Though they are taking all precautions, they make sure that the children enjoy a full family life. Preston and Parker are two very happy, loving boys. As a family they love to go for drives and for walks. Every year they try to do at least one big beach trip. When they go to the river, they love to sit and throw rocks into the water. They also try to think outside the box to give the boys a variety of experiences. Last year they arranged for drive-up trick-or-treating, where they pre-planned to go to specific family members’ houses and they had gifts ready for them.

Preston and Parker are both full of life and eager to learn and laugh. They both love to watch movies and play in the backyard. They take turns on the special needs bicycle and they love to build marble runs. They have an indoor sensory swing that gets a lot of use. Each of them has their own room decorated with their favorite things. Neither of them really plays with the other but they don’t bother each other either. Parker shows concern when Preston is upset and will say “brother needs help.” Both children seem to have the purest form of love and they are happy with the simplest things.

Preston is nonverbal but expresses love and joy in his own way. He was going to CNC at Fir Grove but will be doing virtual school this year. Preston loves his dog, a Maltese named Jackson. He always has his rainbow slinky in his hand and he really likes puppets. He is smart and tenacious. He loves to ride in the big truck with Dad and is a bit of a thrill seeker. 

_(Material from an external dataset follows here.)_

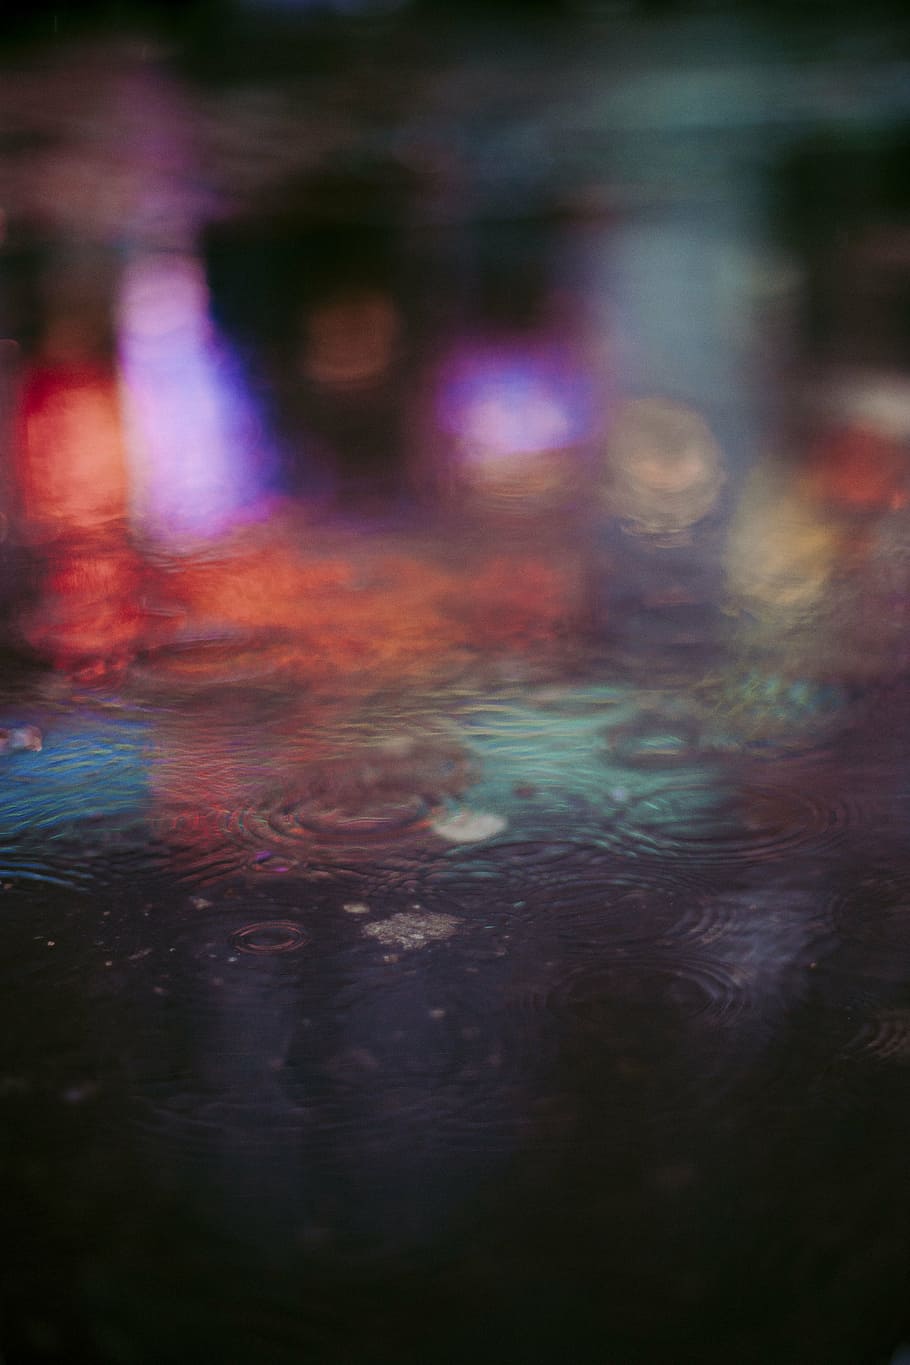 multicolored abstract painting, water, drop, rain, colorful, urban, city, backgrounds, abstract, reflection

Parker is really into animals. He collects animal figurines and lines them up. He used to like to go to Coastal and choose a new animal figurine. Having to medically isolate themselves, they now order them on Amazon and let him choose one from the home. Parker likes to do woodworking with dad. He is very creative and enjoys making art, though he tends to be a perfectionist. 

 

Both of the boys show perseverance and joy, even through hardships. They were hoping to go back to school this fall, but Jennifer is sure they will adjust well to whatever they face. The family gets groceries through curbside pickup or delivery. They are determined to keep the boys safe through the delta surge. They know they can’t control everything, but they take care of what they can plan for in their situation. 

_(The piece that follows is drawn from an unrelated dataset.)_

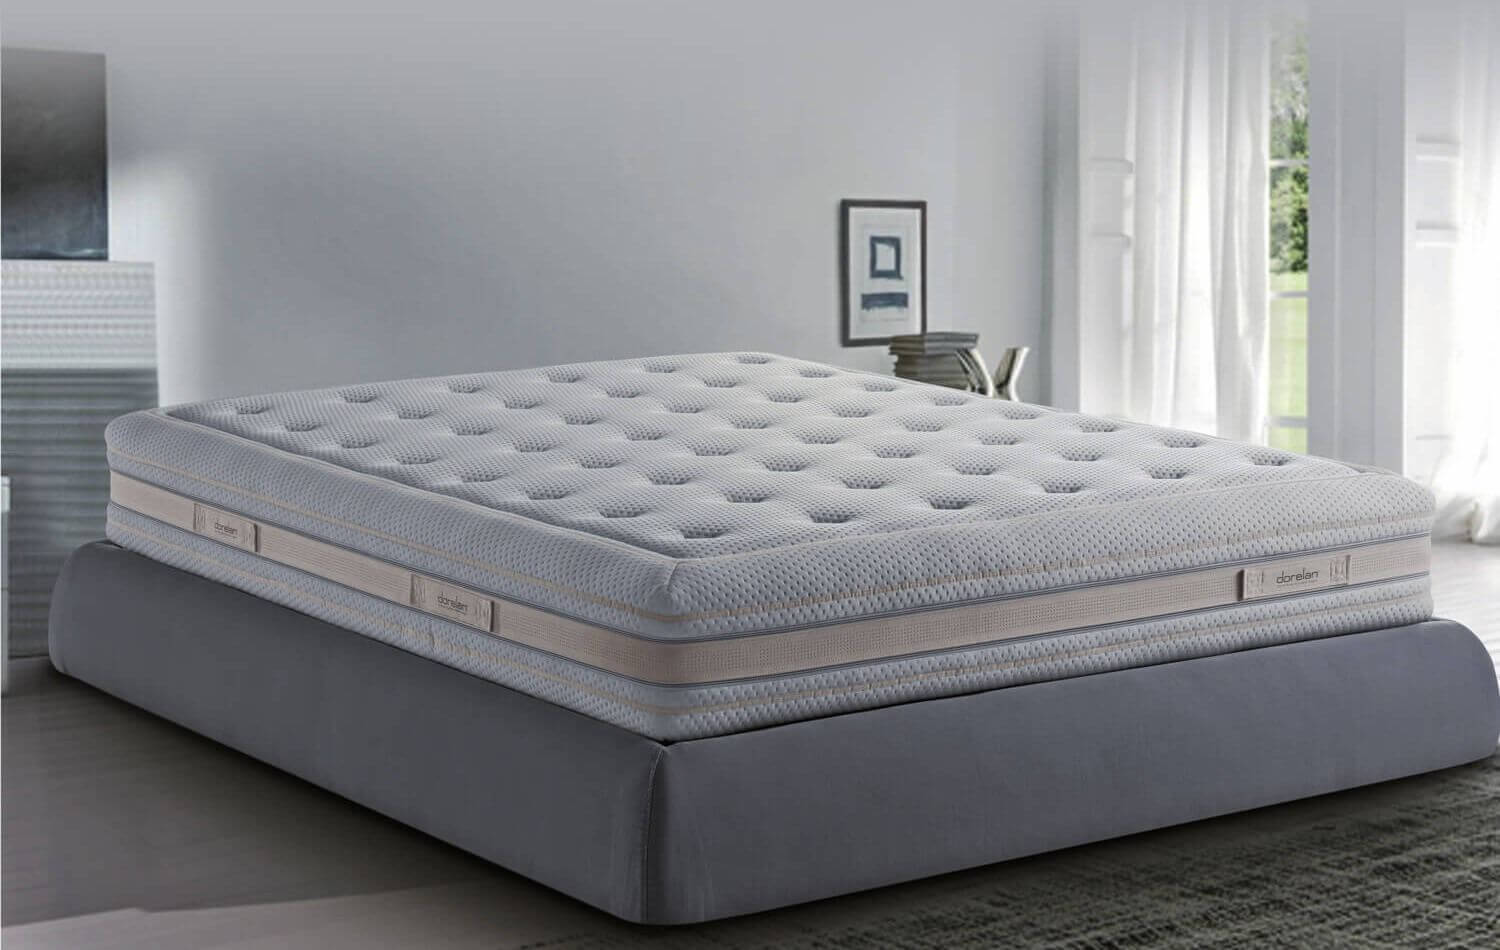 Best Ortho Mattress for Sale in Pakistan: A Night of Blissful Sleep!

Jennifer is a planner but she has learned to take things day-by-day. She exercises a lot of self-care to keep up with her demanding lifestyle. She stays organized with a calendar and lists that she prioritizes by importance and urgency. She makes sure to get good sleep so she can maintain patience throughout the day and stay level-headed and in the moment. She says she has so much to do but what really needs to be done gets done. Sometimes she has to shift the routine if something isn’t working, and it may not look the same every day. She has learned to roll with it and adjust. She says it’s good to make time for yourself to grieve or process, but then to get back to it.

She wants others to know that there is always someone else who has been there before you. If you can find that person to talk to and walk you through it, you won’t feel so alone. One of the best experiences was going to the Down Syndrome play group for the first time when Preston was just a toddler. She said they were nervous at first, but came out of there so hopeful of their child’s future. When Parker was first diagnosed with Type 1 Diabetes, she found another family in an Oregon Autism group that also faced ASD and Type 1 Diabetes. They keep in touch and answer questions for her. Usually people want to help others who are going through the same things they went through because they know how hard it was. Even the local Roseburg diabetes group reached out to her and gave her some great tips and offered to bring supplies. There are ways to make it easier by reaching out. You find out you’re not alone and it’s Okay to be different. Once you see it’s Okay to be different, it all comes together and life gets easier.